Aug 19, 2012 | Citizen Science

I’ve taught middle level students for a lot of years. The bane of my existence is the whiney teen-ager, attitude oozing out of every pore, that go-ahead-and-try-to-teach-me look firmly in place, asking my least favorite question: “When am I ever gonna hafta use this?”

Do I paint a familiar picture?

I twist myself into a pretzel on a regular basis to make sure everything I teach has a purpose in the futures of my students. Sometimes it’s easy, sometimes not so much. Take astronomy, for example. With the exception of the occasional future rocket scientist or astronaut that may be crossing the threshold of my classroom, knowing about Kuiper belt objects seems like just another multiple-choice test item. I can hear them yawning from here.

But what if I can make it their futures? I’ll admit I’m addicted to Ice Investigators…what if my students were that excited about looking for possible dwarf planets? What if I can get them to spend more time combing through data from the New Horizons space probe than they spend watching American Idol? For the rest of their lives, they would feel a tug of pride any time they heard about the latest finds in the icy space beyond Pluto. They could say they were part of that exploration from the beginning. How cool is that?

Teenagers want so much to change the world, or at least make an impact while they’re trying. Giving them opportunities to participate in authentic, real-life research feeds that feeling. They can move from the initial “Is this for real?” attitude to the place where “I’m really doing this!” is the focus. It gets them involved and excited, and makes them want more.
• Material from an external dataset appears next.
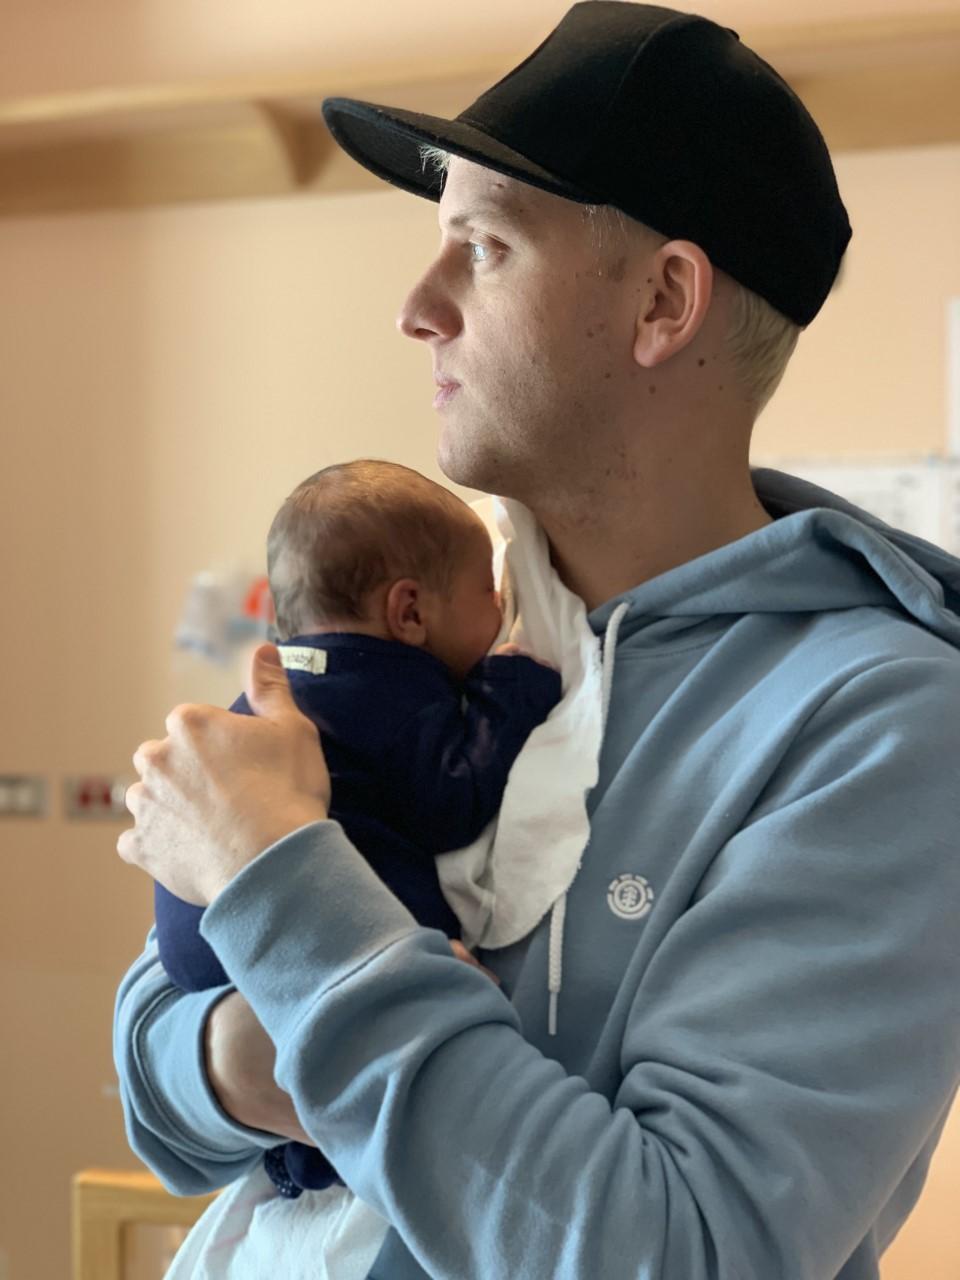 Jordan Janzen with his newborn son Aiden.

Citizen science is another one of those sparks that we can use to get kids jazzed up about learning. It’s the little push we can give them to get started as scientists. With enough momentum, the next generation will include informed adults who understand that science is a problem-solving tool.

1 Comment

  1. John Jaksich

    I first should say that I have much admiration for your ability to teach middle-school students. When I was of middle-school age, I was very much into science–but one of only a handful of my classmates. And to me, it seems as if possessing the ability to convey the importance of having a future to “live for” maybe just one aspect of conveying the coolness of science. I believe that the other aspect (which you mentioned) of changing the world (making a difference)–it is this aspect that maybe the most difficult.

    To many teens, it is a matter of fitting-in and “hanging with peers”–and as you may well know— trying to change the world often requires one to change oneself, first. That is hard for many, not just teens–and this is probably where the bottleneck to change becomes a slippery-slope. We need better “role-models.”

    Having to examine one’s own life is never easy–and all of us, to whatever extent, do take a path of least resistance. Having since participated in BAUT and (now) COSMOQuest–it has opened some the participants’ eyes–and definitely my own eyes.

    And as a mentor recently pointed-out to me, “I would pour much of ‘the county’s resources’ into early childhood education”–(and they did not say)–“early education prep, but meant to say that we may have lost a part of current generation of scientists and engineers.” The mentor whom I mention is a respected college professor and dept chair—as well as a parent of two young children.

    When I was an undergraduate–in the 1980s–it was rare to hear this kind of talk in academia and the tones (of the future) were “hopeful.” The situation is indeed dire–if one does examine the trends of the last twenty-five years. It would only get worse if our “current” funding gets cut. To me you are the true-role model that our middle-schoolers need and will need to cling to in the future.

    In my opinion, it may take something viewed as “calamitous” for the current generation of adults to “wise-up.”